Cultura

Ortorexia: conheça a obsessão pela dieta perfeita

Séria candidata ao posto de novo transtorno alimentar, a preocupação excessiva com o cardápio pode resultar em falta de nutrientes, ansiedade e isolamento

Em outubro de 1997, o médico americano Steven Bratman descreveu, de maneira inédita, uma prática comum entre seus pacientes: eles acreditavam que determinados alimentos seriam capazes de causar, prevenir ou tratar doenças e, por isso, seguiam uma dieta extremamente rígida. Tal comportamento foi batizado pela primeira vez na história de ortorexia, junção das palavras gregas “orexsis” (apetite) e “orthós” (correto).

“Diferentemente da anorexia e da bulimia, o quadro é marcado pela obsessão pela pureza do que se come. Ou seja, não tem relação com o peso ou as calorias”, explica a psicóloga Simone Freitas, coordenadora da Clínica de Estudos e Tratamento em Transtornos Alimentares e Obesidade da Santa Casa da Misericórdia do Rio de Janeiro.

Embora a ortorexia tenha sido nomeada há duas décadas, ainda é considerada nova e pouco explorada pela ciência – daí porque ainda não consta na lista oficial de transtornos alimentares. Mas isso não a torna menos alarmante.

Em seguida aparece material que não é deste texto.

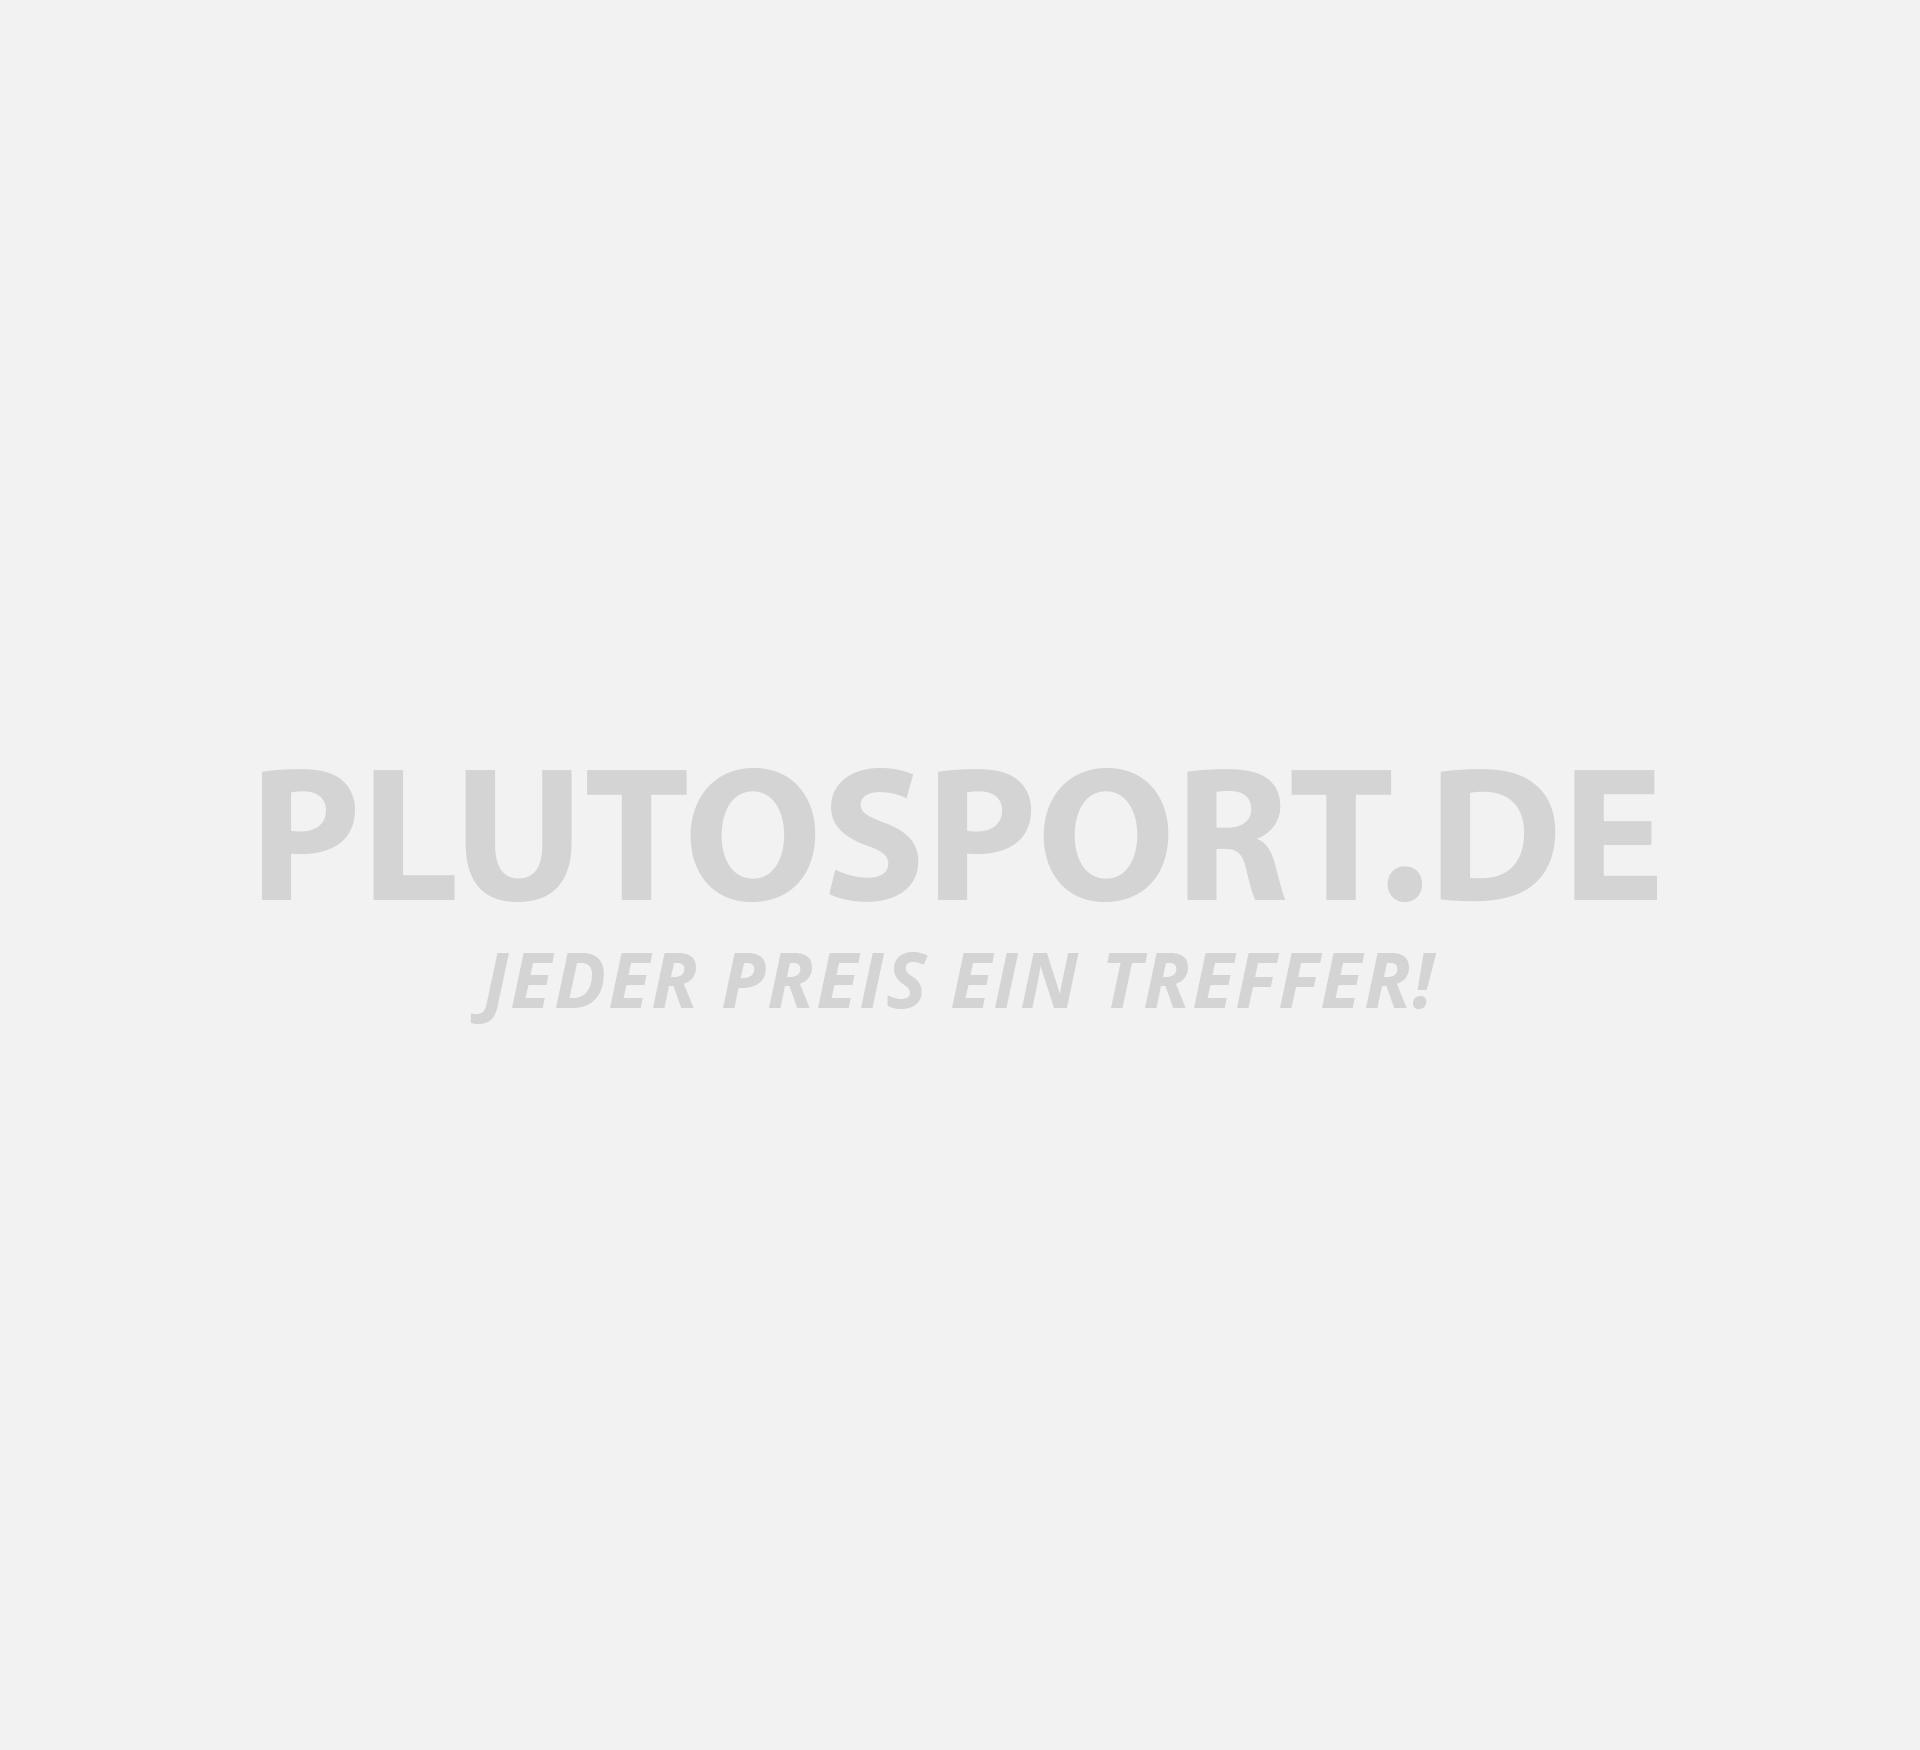 Nike Pro Combat Patella Springers Knieband 2.0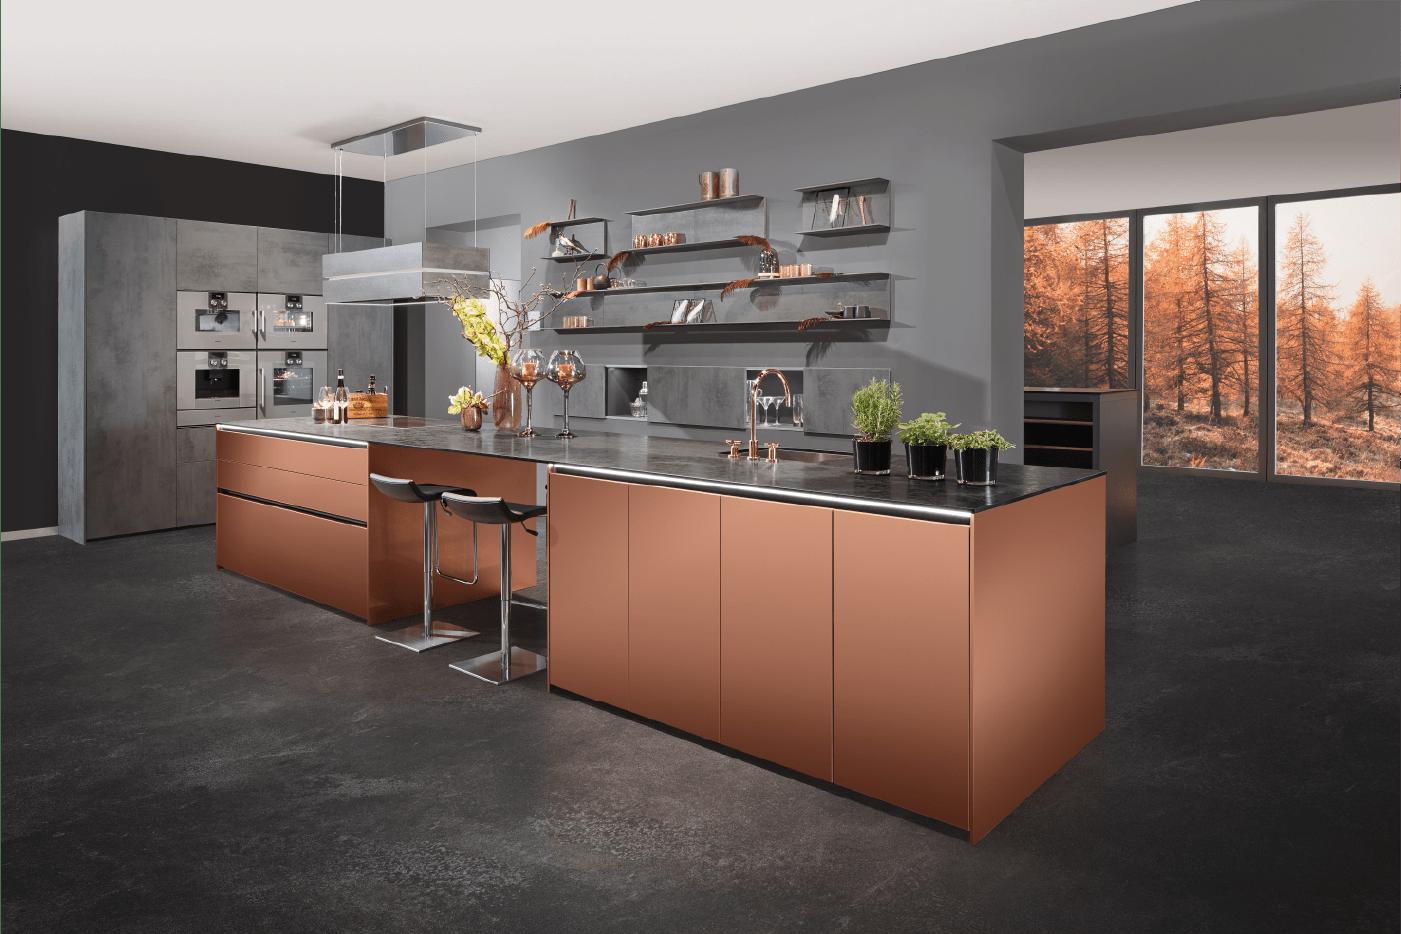 Cabeo-keukens-1-keuken-foto-8

Mas por que se preocupar com quem se esforça para comer tão perfeitamente? “A dieta tende a ficar cada vez mais restritiva, a ponto de se excluírem grupos alimentares importantes”, responde a nutricionista Marle Alvarenga, do Instituto Nutrição Comportamental, na capital paulista.

A expert conta que uma das características da condição é o indivíduo levar a própria refeição ao sair de casa – do contrário, às vezes nem se alimenta. É aí que o bem-estar começa a degringolar. Afinal, muitas das situações em que interagimos com amigos e familiares envolvem comida. Só que, para o ortoréxico, não seguir uma dieta regrada é sinônimo de pouca ou nenhuma força de vontade.

Bratman suspeita que muita gente se tornou ortoréxica, pelo menos em parte, devido à atual concepção do que é parecer saudável. “No meu tempo, ser ‘fit’ significava conseguir subir alguns lances de escada sem perder o fôlego. Isto é, era um termo associado à nossa resistência e à capacidade aeróbica”, diz. “Agora, ele tem a ver com um biótipo magro ou musculoso”, diferencia. Apesar de a distorção de imagem corporal não ser a principal característica da ortorexia, pode, sim, haver insatisfação com o espelho e o desejo de perder peso a fim de alcançar tal padrão – que, para atrapalhar ainda mais, é bastante difundido na internet.

Obviamente, isso não quer dizer que quem gosta de comer bem ou decide adotar hábitos bacanas está com um pé no problema. “Na ortorexia, esses pensamentos sobre comida ocupam a mente a maior parte do tempo. Além disso, representam um fator de limitação, fazendo com que a pessoa deixe de ir a uma festa só porque não encontrará opções consideradas adequadas, por exemplo”, esclarece o psiquiatra Fábio Gomes de Matos, fundador do Centro de Tratamento de Transtornos Alimentares (Cetrata), vinculado à Universidade Federal do Ceará.

Os prejuízos da ortorexia não se restringem ao campo mental. É muito comum, por exemplo, encontrar adeptos de cardápios elaborados com a finalidade de reforçar tratamentos médicos. Vejamos o caso da dieta sem glúten. Ela é indicada a indivíduos com doença celíaca ou a chamada sensibilidade não celíaca ao glúten – e só.

Mas uma porção de gente encafifou com a proteína do trigo, abolindo-a sem motivos. E, agora, estudos têm mostrado que esse comportamento pode aumentar o risco de diabetes, doenças cardíacas e outras encrencas.

“Algumas dietas são como remédios. Se prescritas para as pessoas certas, oferecem ótimos resultados. Para outras, serão prejudiciais”, ressalta o gastroenterologista Peter Gibson, professor da Universidade Monash, na Austrália.